1902 to 1907 - Rabindranath's wife, father, daughter Renuka and son Samindra died.
1905 - Bengal was partitioned; Rabindranath was gripped by the fever of Nationalism.
1910 - He got his son married to a young widow Pratima Devi. He was a staunch supporter of widow remarriage.
1910 - Wrote Gitanjali in Bengali.
1911 - Wrote ‘Jana Gana Mana’ which later became our National Anthem.
1912 - Gitanjali was published in English.
1913 - Awarded Nobel Prize in literature.
1915 - Knighted by the British king George.
1919 - Renounced his knighthood following the Jallianwala massacre incident.
1924 - Tagore opened Vishva Bharati University at Shanti Niketan.

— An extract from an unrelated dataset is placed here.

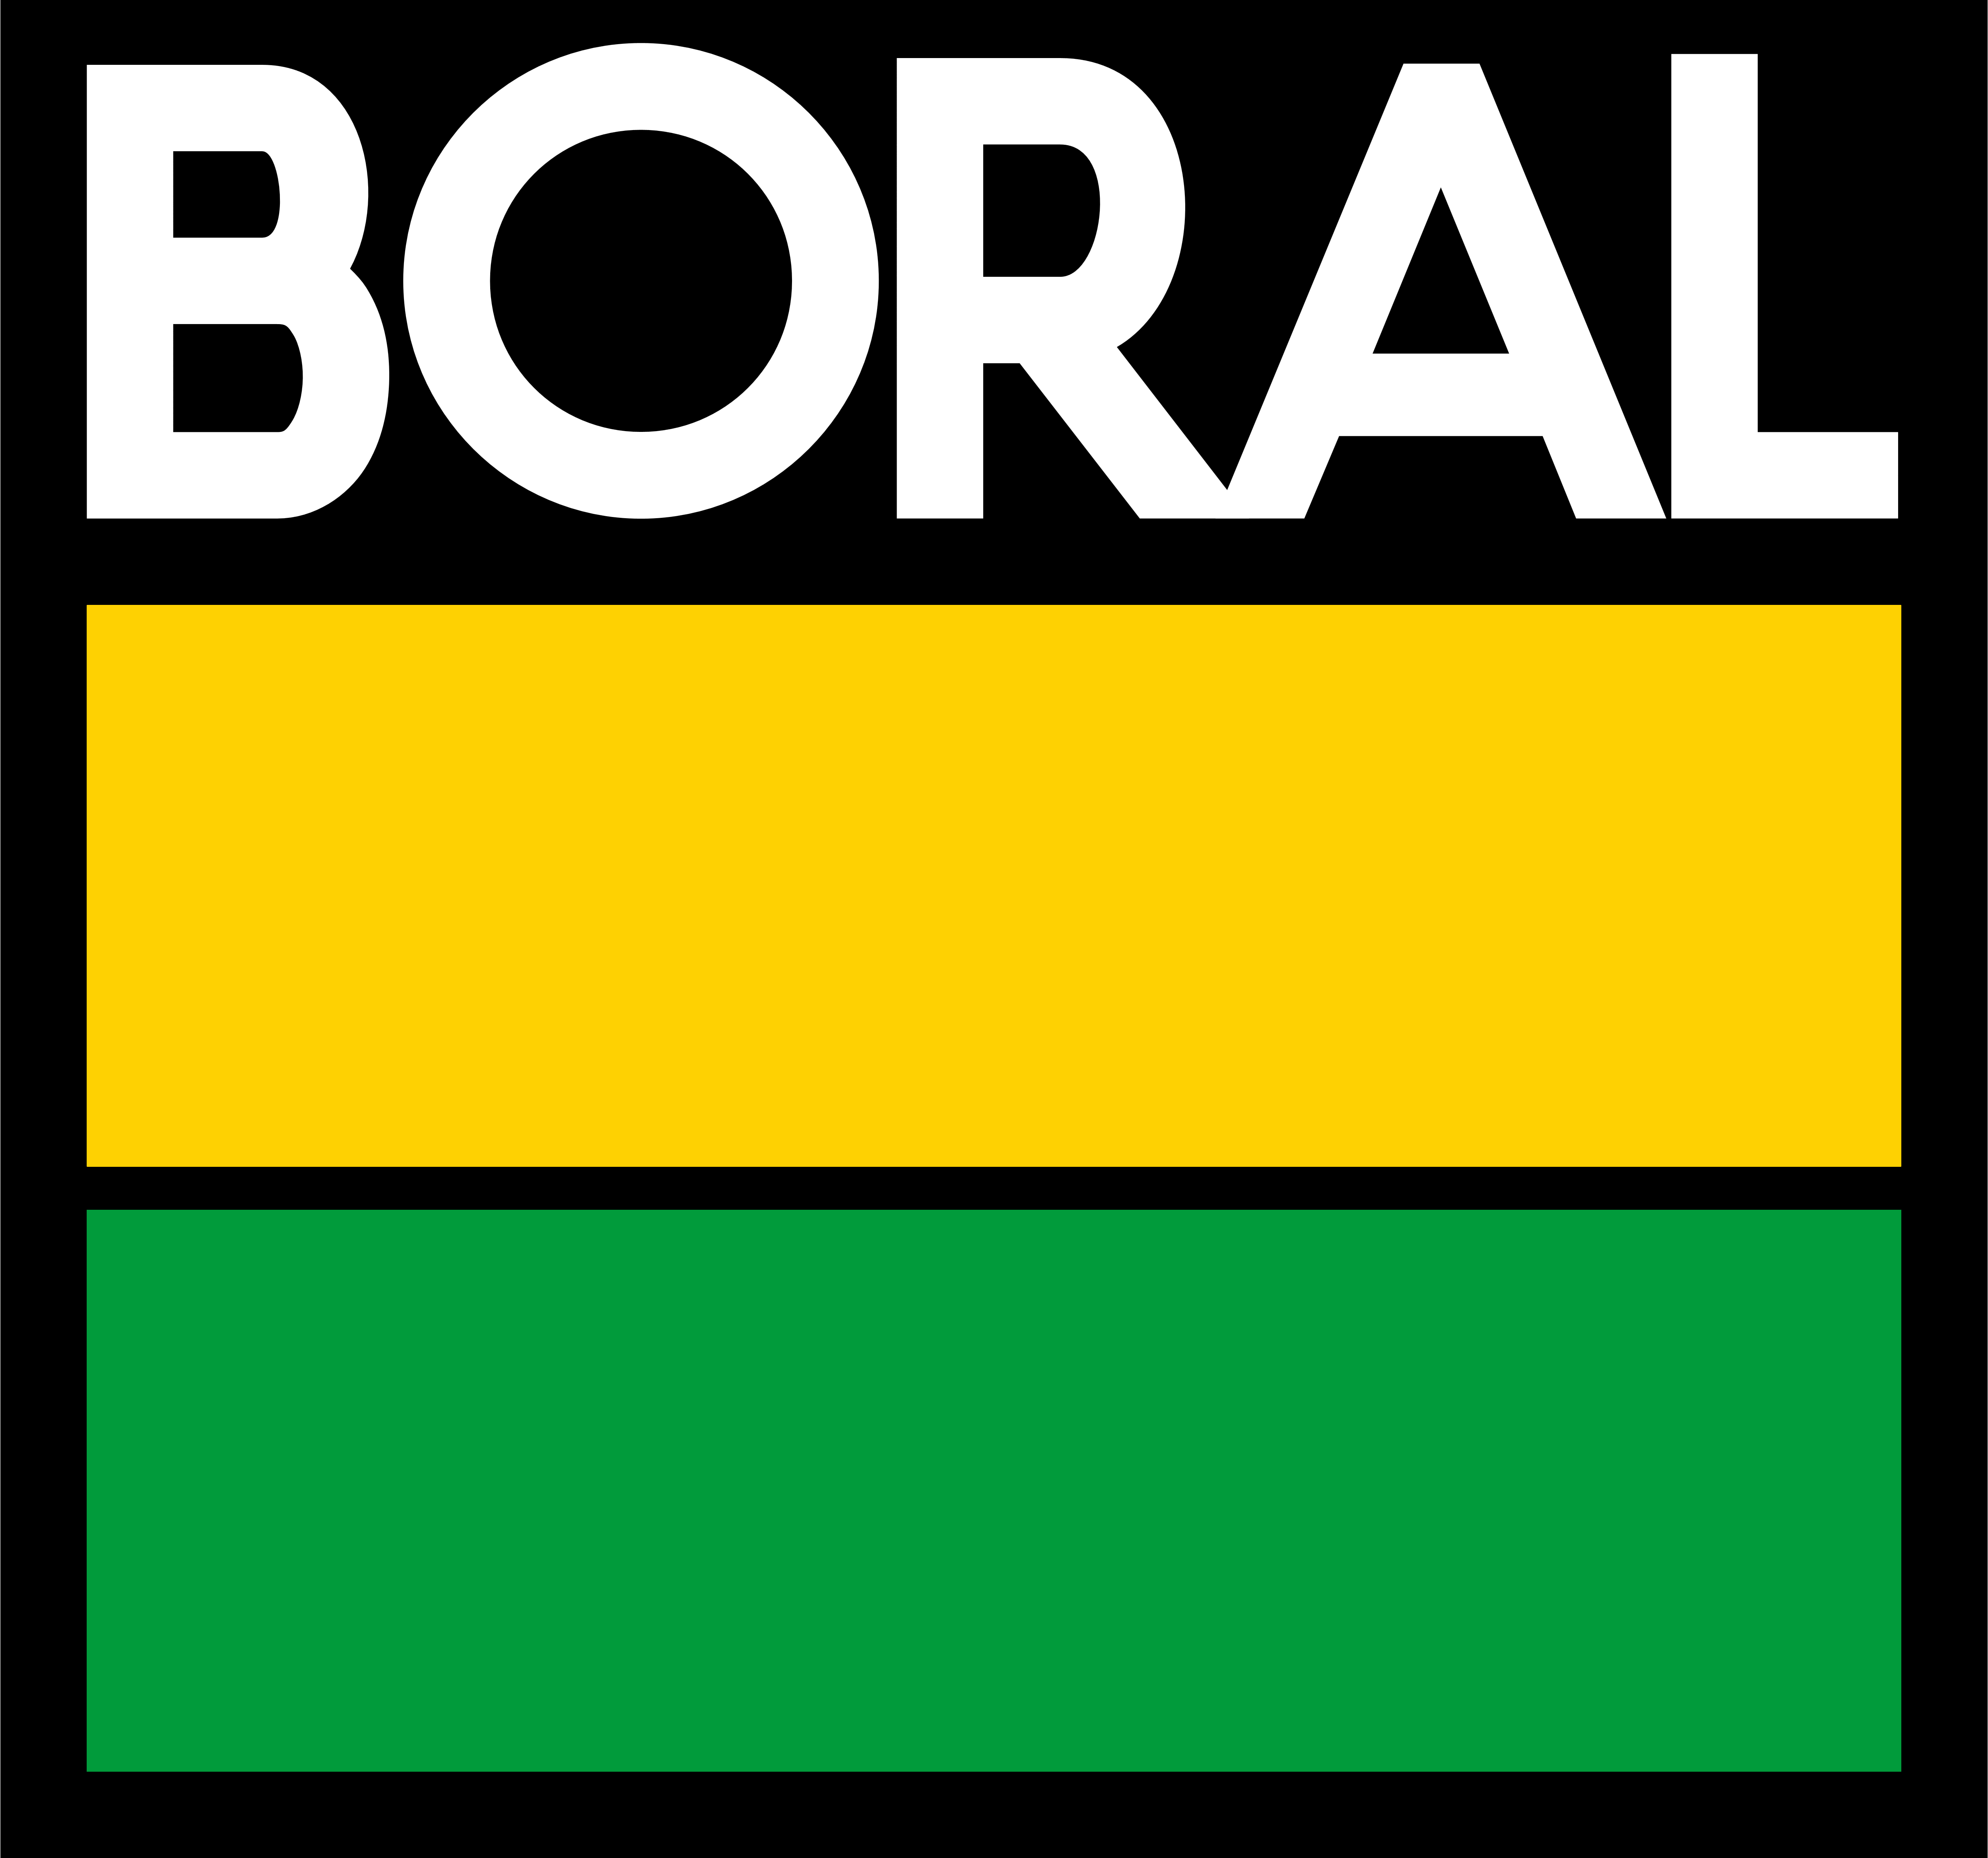 Boral Logos Download

1929 - Tagore began painting.
7th August, 1941- Rabindranath Tagore died in Calcutta, India
Selected poems from ‘GITANJALI’
1. 1. Mind Without Fear
Where the mind is without fear and the head is held high;
Where knowledge is free;
Where the world has not been broken up
into fragments by narrow domestic walls;
Where words come out from the depth of truth;
Where tireless striving stretches its arms towards perfection;
Where the clear stream of reason
has not lost its way into the dreary desert sand of dead habit;
Where the mind is led forward by thee into ever-widening thought and action---
Into that heaven of freedom, my Father, let my country awake.
2.2. Song Unsung
The song that I came to sing remains unsung to this day.
I have spent my days in stringing and in unstringing my instrument.
The time has not come true, the words have not been rightly set;
only there is the agony of wishing in my heart.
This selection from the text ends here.